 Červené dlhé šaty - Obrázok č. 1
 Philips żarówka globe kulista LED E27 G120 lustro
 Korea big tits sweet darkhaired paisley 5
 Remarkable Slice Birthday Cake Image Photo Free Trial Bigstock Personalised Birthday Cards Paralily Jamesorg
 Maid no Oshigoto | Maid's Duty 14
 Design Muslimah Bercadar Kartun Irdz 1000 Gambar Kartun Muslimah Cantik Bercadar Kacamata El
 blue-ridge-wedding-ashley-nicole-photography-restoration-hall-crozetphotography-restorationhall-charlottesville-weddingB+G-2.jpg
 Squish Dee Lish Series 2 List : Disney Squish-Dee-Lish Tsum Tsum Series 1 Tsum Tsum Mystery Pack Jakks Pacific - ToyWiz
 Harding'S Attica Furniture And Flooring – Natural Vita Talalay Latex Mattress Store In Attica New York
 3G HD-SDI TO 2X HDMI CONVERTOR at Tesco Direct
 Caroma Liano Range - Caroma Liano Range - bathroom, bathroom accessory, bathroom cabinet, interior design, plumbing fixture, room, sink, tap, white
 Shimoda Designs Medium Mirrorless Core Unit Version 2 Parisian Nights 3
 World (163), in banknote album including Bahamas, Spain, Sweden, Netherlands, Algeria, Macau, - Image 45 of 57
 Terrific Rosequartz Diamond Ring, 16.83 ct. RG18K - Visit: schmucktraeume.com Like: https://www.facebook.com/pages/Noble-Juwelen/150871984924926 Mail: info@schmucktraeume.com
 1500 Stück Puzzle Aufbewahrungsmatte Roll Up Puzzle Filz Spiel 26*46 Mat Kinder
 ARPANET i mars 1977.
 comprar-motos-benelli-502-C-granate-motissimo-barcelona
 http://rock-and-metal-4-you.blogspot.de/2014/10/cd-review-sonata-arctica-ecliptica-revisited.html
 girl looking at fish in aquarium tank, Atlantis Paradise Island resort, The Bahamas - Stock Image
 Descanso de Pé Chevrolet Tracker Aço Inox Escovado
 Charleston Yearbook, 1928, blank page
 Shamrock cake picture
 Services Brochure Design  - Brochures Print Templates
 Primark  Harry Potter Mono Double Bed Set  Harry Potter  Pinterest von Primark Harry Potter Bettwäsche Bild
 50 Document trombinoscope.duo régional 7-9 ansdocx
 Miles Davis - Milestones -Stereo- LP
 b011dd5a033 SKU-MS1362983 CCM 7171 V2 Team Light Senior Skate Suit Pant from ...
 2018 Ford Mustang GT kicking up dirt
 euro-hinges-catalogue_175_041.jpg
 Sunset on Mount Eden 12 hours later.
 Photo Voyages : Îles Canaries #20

= = = = = = =

WHAT TO PRODUCE — Every entry should be restated word for word.

EXERCISE RESPONSE —
 Červené dlhé šaty - Obrázok č. 1
 Philips żarówka globe kulista LED E27 G120 lustro
 Korea big tits sweet darkhaired paisley 5
 Remarkable Slice Birthday Cake Image Photo Free Trial Bigstock Personalised Birthday Cards Paralily Jamesorg
 Maid no Oshigoto | Maid's Duty 14
 Design Muslimah Bercadar Kartun Irdz 1000 Gambar Kartun Muslimah Cantik Bercadar Kacamata El
 blue-ridge-wedding-ashley-nicole-photography-restoration-hall-crozetphotography-restorationhall-charlottesville-weddingB+G-2.jpg
 Squish Dee Lish Series 2 List : Disney Squish-Dee-Lish Tsum Tsum Series 1 Tsum Tsum Mystery Pack Jakks Pacific - ToyWiz
 Harding'S Attica Furniture And Flooring – Natural Vita Talalay Latex Mattress Store In Attica New York
 3G HD-SDI TO 2X HDMI CONVERTOR at Tesco Direct
 Caroma Liano Range - Caroma Liano Range - bathroom, bathroom accessory, bathroom cabinet, interior design, plumbing fixture, room, sink, tap, white
 Shimoda Designs Medium Mirrorless Core Unit Version 2 Parisian Nights 3
 World (163), in banknote album including Bahamas, Spain, Sweden, Netherlands, Algeria, Macau, - Image 45 of 57
 Terrific Rosequartz Diamond Ring, 16.83 ct. RG18K - Visit: schmucktraeume.com Like: https://www.facebook.com/pages/Noble-Juwelen/150871984924926 Mail: info@schmucktraeume.com
 1500 Stück Puzzle Aufbewahrungsmatte Roll Up Puzzle Filz Spiel 26*46 Mat Kinder
 ARPANET i mars 1977.
 comprar-motos-benelli-502-C-granate-motissimo-barcelona
 http://rock-and-metal-4-you.blogspot.de/2014/10/cd-review-sonata-arctica-ecliptica-revisited.html
 girl looking at fish in aquarium tank, Atlantis Paradise Island resort, The Bahamas - Stock Image
 Descanso de Pé Chevrolet Tracker Aço Inox Escovado
 Charleston Yearbook, 1928, blank page
 Shamrock cake picture
 Services Brochure Design  - Brochures Print Templates
 Primark  Harry Potter Mono Double Bed Set  Harry Potter  Pinterest von Primark Harry Potter Bettwäsche Bild
 50 Document trombinoscope.duo régional 7-9 ansdocx
 Miles Davis - Milestones -Stereo- LP
 b011dd5a033 SKU-MS1362983 CCM 7171 V2 Team Light Senior Skate Suit Pant from ...
 2018 Ford Mustang GT kicking up dirt
 euro-hinges-catalogue_175_041.jpg
 Sunset on Mount Eden 12 hours later.
 Photo Voyages : Îles Canaries #20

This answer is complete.